If you follow the hint given below, you will discover a simple one-line inductive proof of said Fundamental Theorem. Once you have this theorem available, all similar inductions of this telescopic type become completely trivial: they reduce to simply checking equality of polynomials (which, unlike devising inductive proofs, requires no ingenuity whatsoever). If you master these simple ideas then you will be able to easily tackle many of the induction exercises in your textbooks. Further, you will gain some experience with learning how to abstract out the inductive essence of the matter - which is key when one meets new more complex types of inductions.

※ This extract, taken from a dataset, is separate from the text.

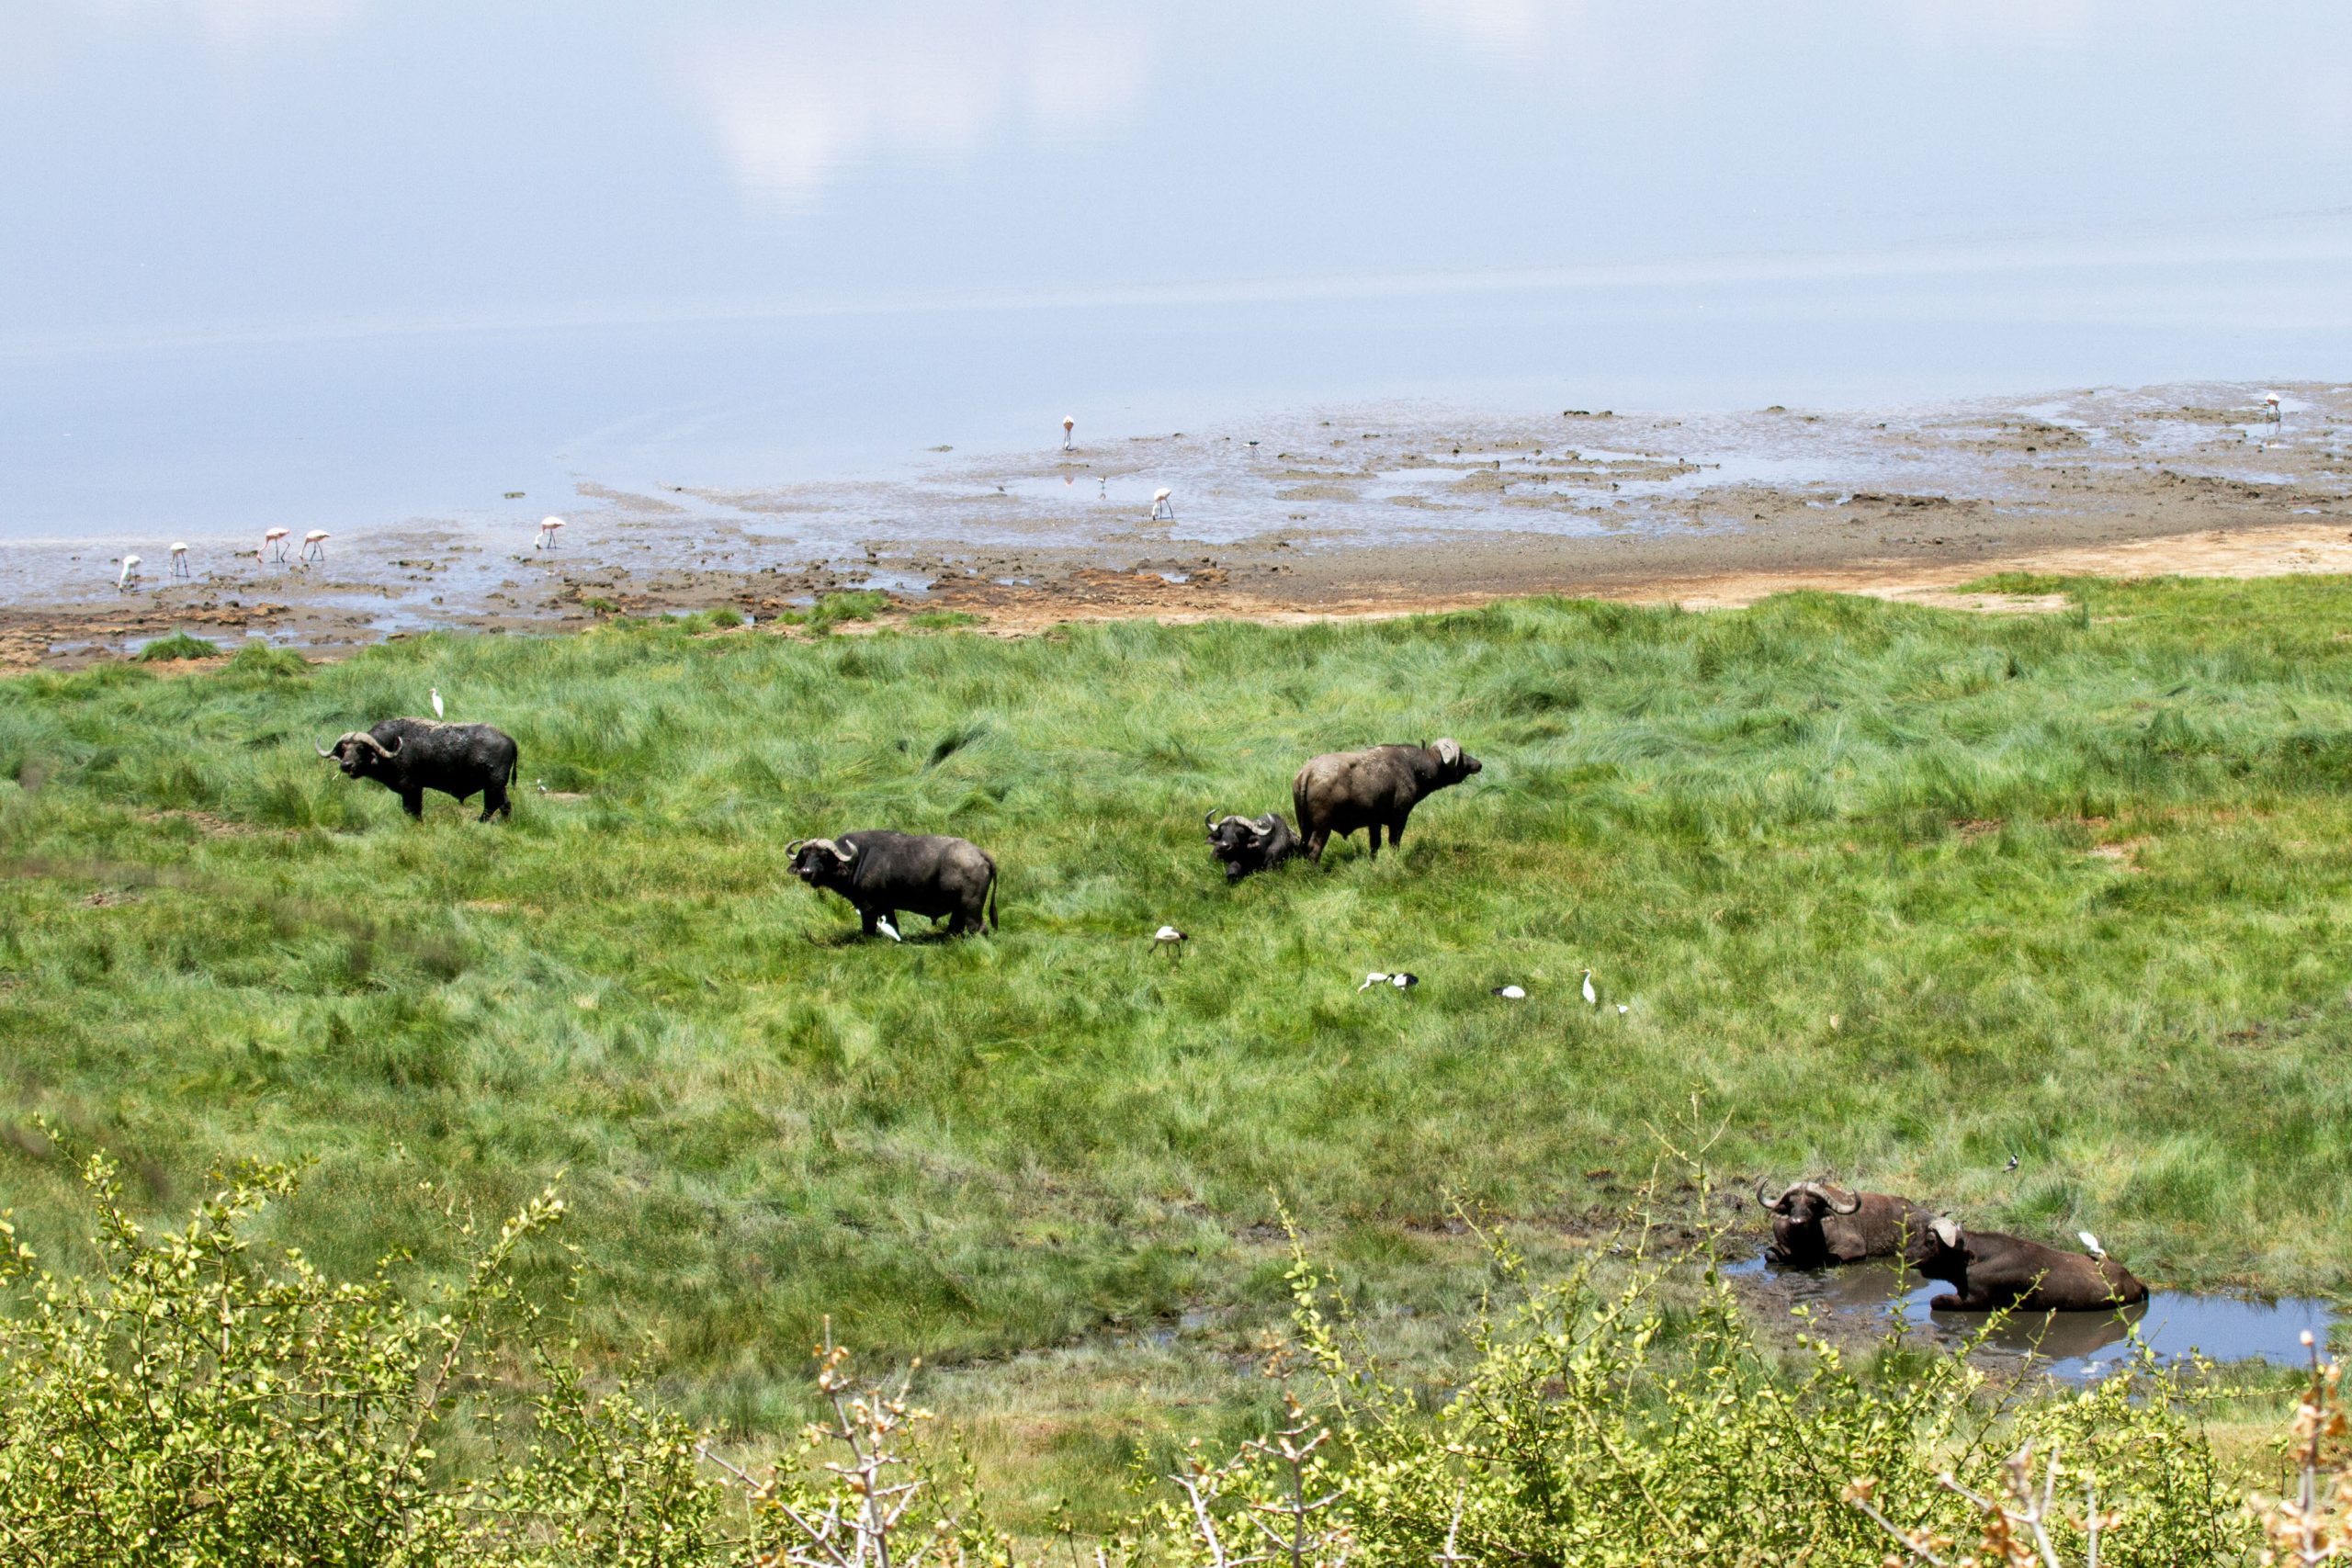 Buffalo spotted near Lake Manyara

If you continue your mathematical studies you will discover other methods of induction that have been conveniently encapsulated for reuse (e.g. maximality principles such as Zorn's Lemma). Strangely, however, one rarely finds any discussion of telescopic induction in textbooks. I learned / discovered these methods only because I was lucky enough to have been exposed to a very stimulating environment as a student, e.g. working with the modern-day Ramanujan Bill Gosper, while constructing effective algorithms for summation (and integration) for Macsyma, and learning from the masters while browsing the open stacks of the MIT Libraries (encouraged by references from walking encyclopedias like Rota). Once one knows the algorithms, it is only natural for one interested in teaching to ponder whether any of the algorithmic theory can be useful pedagogically.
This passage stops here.